Hello, I am doing some tests using different loss function, usually we use log-softmax + nll loss or just cross-entropy loss with original output, but I found log-softmax + cross-entropy sometimes provides better results, I know this combination is not correct, because it actually has two times log scale computation, and for backward it may have some problems, but for some datasets, whatever the learning rate I used for log-softmax + nll loss, it’s still worse than log-softmax + cross-entropy, I am wondering the reason or the potential problem for this result, and also wondering if I can use log-softmax + cross-entropy? Thanks.
Hi J_B!
This doesn’t make sense, as the two are the same.

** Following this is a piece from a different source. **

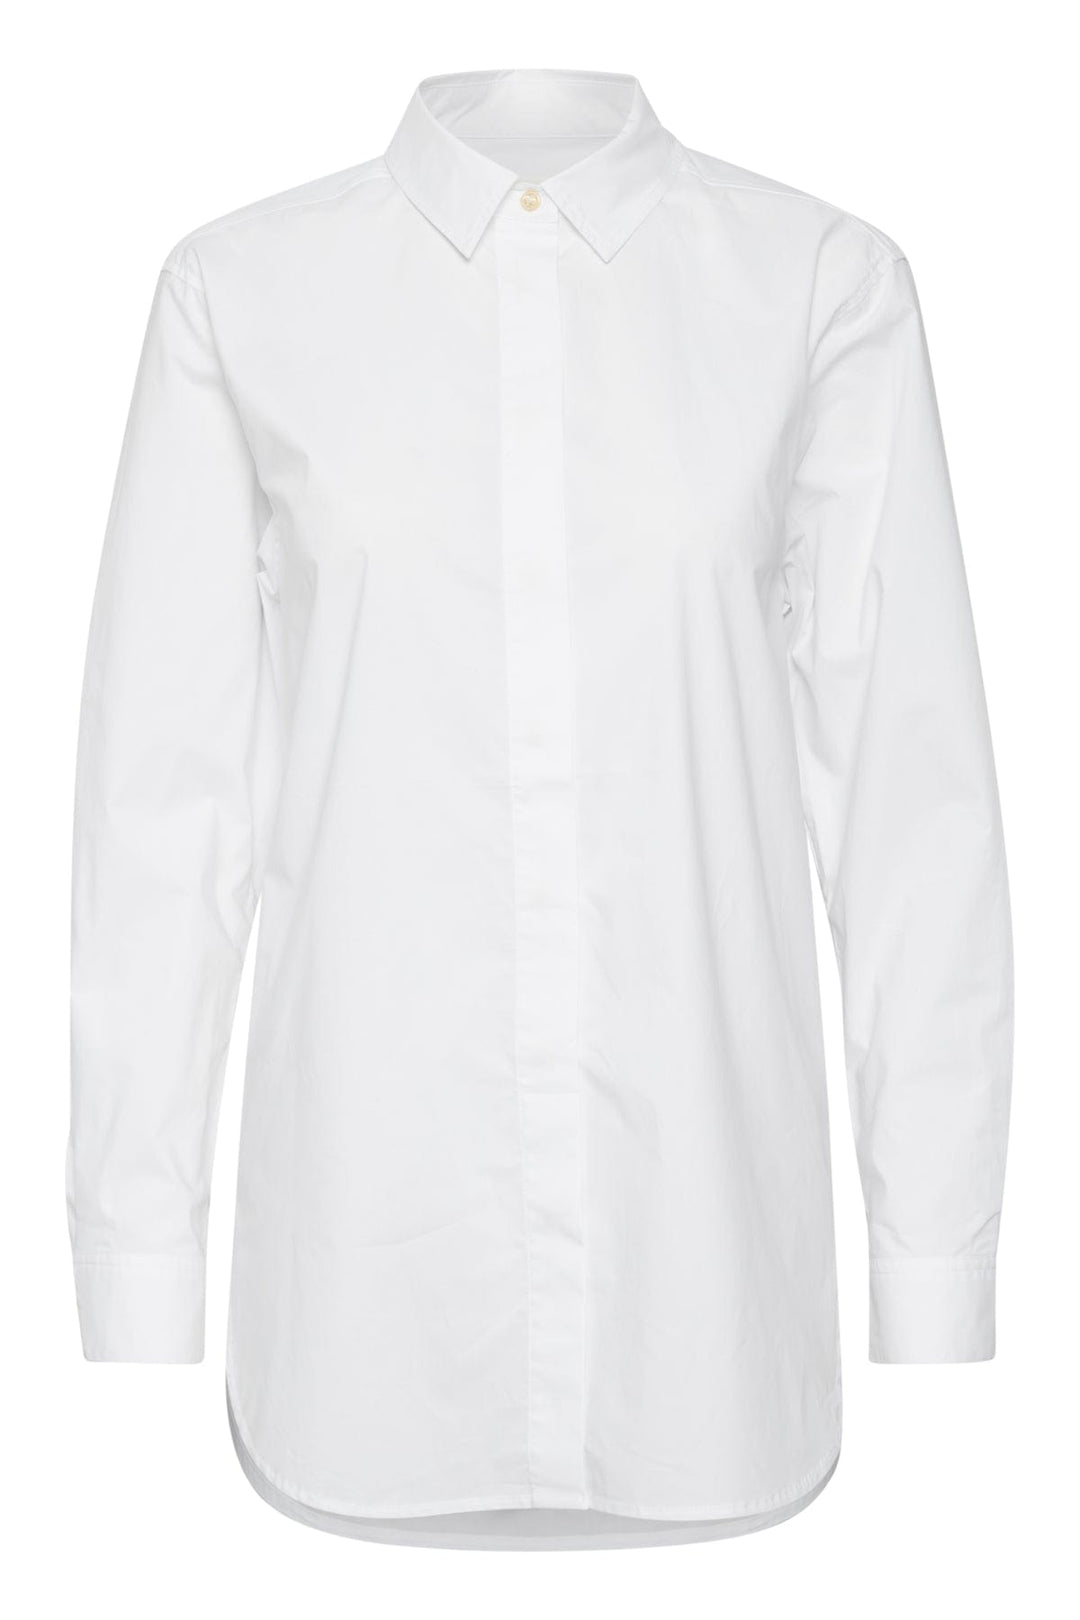 Leanapw Shirt | Skjorter og bluser | Smuk - Dameklær på nett

Roughly speaking, log() undoes softmax(), so two log_softmax()s in
a row are the same as just one:
>>> import torch
>>> torch.__version__
'1.13.0'
>>> t = torch.arange (10.0)
>>> t
tensor([0., 1., 2., 3., 4., 5., 6., 7., 8., 9.])
>>> t.log_softmax (0)
tensor([-9.4586, -8.4586, -7.4586, -6.4586, -5.4586, -4.4586, -3.4586, -2.4586,
-1.4586, -0.4586])
>>> t.log_softmax (0).log_softmax (0)
tensor([-9.4586, -8.4586, -7.4586, -6.4586, -5.4586, -4.4586, -3.4586, -2.4586,
-1.4586, -0.4586])
Best.
K. Frank
Hi K. Frank,
Thanks for your reply. I also made the same test as yours, and I got the same results. But I am not sure about the backward, since log-softmax + cross-entropy actually does two times log-softmax, is the gradient still same as log-softmax + nll? Thanks again for your help.
Hi J_B!
Yes, it’s the same function in the forward pass so you’ll get the same
gradient from the backward pass (up to possible floating-point round-off
error).
But it’s easy enough to test this sort of thing:
>>> import torch
>>> print (torch.__version__)
1.13.0
>>>
>>> _ = torch.manual_seed (2022)
>>>
>>> lin = torch.nn.Linear (3, 5)
>>> input = torch.randn (7, 3)
>>> target = torch.randint (5, (7,))
>>>
>>> # log_softmax() + nll_loss()
>>> pred = lin (input)
>>> lossA = torch.nn.functional.nll_loss (pred.log_softmax (1), target)
>>> lossA
tensor(1.9197, grad_fn=<NllLossBackward0>)
>>> lossA.backward()
>>> lin.weight.grad
tensor([[-0.0151, 0.2068, -0.0595],
[-0.0683, -0.3701, -0.2444],
[ 0.0995, -0.0853, 0.1083],
[ 0.0341, 0.2123, 0.0165],
[-0.0503, 0.0362, 0.1791]])
>>> lin.bias.grad
tensor([ 0.0741, -0.1813, 0.1026, 0.0301, -0.0255])
>>>
>>> lin.zero_grad()
>>>
>>> # log_softmax() + cross_entropy()
>>> pred = lin (input)
>>> lossB = torch.nn.functional.cross_entropy (pred.log_softmax (1), target)
>>> lossB
tensor(1.9197, grad_fn=<NllLossBackward0>)
>>> lossB.backward()
>>> lin.weight.grad
tensor([[-0.0151, 0.2068, -0.0595],
[-0.0683, -0.3701, -0.2444],
[ 0.0995, -0.0853, 0.1083],
[ 0.0341, 0.2123, 0.0165],
[-0.0503, 0.0362, 0.1791]])
>>> lin.bias.grad
tensor([ 0.0741, -0.1813, 0.1026, 0.0301, -0.0255])
>>>
>>> lin.zero_grad()
>>>
>>> # plain cross_entropy()
>>> pred = lin (input)
>>> lossC = torch.nn.functional.cross_entropy (pred, target)
>>> lossC
tensor(1.9197, grad_fn=<NllLossBackward0>)
>>> lossC.backward()
>>> lin.weight.grad
tensor([[-0.0151, 0.2068, -0.0595],
[-0.0683, -0.3701, -0.2444],
[ 0.0995, -0.0853, 0.1083],
[ 0.0341, 0.2123, 0.0165],
[-0.0503, 0.0362, 0.1791]])
>>> lin.bias.grad
tensor([ 0.0741, -0.1813, 0.1026, 0.0301, -0.0255])
If you do seem to be getting different results (other than possible round-off
error) with your two methods, then you’ve got some sort of bug hiding
somewhere that you should track down.
Best.
K. Frank
Hi K. Frank,
Really appreciate your reply. so does this mean if the model output first go through log-softmax, then the loss function can be nll or cross entropy, it doesn’t matter, they are actually same(if the input is the log-softmax), am I right? Thanks again.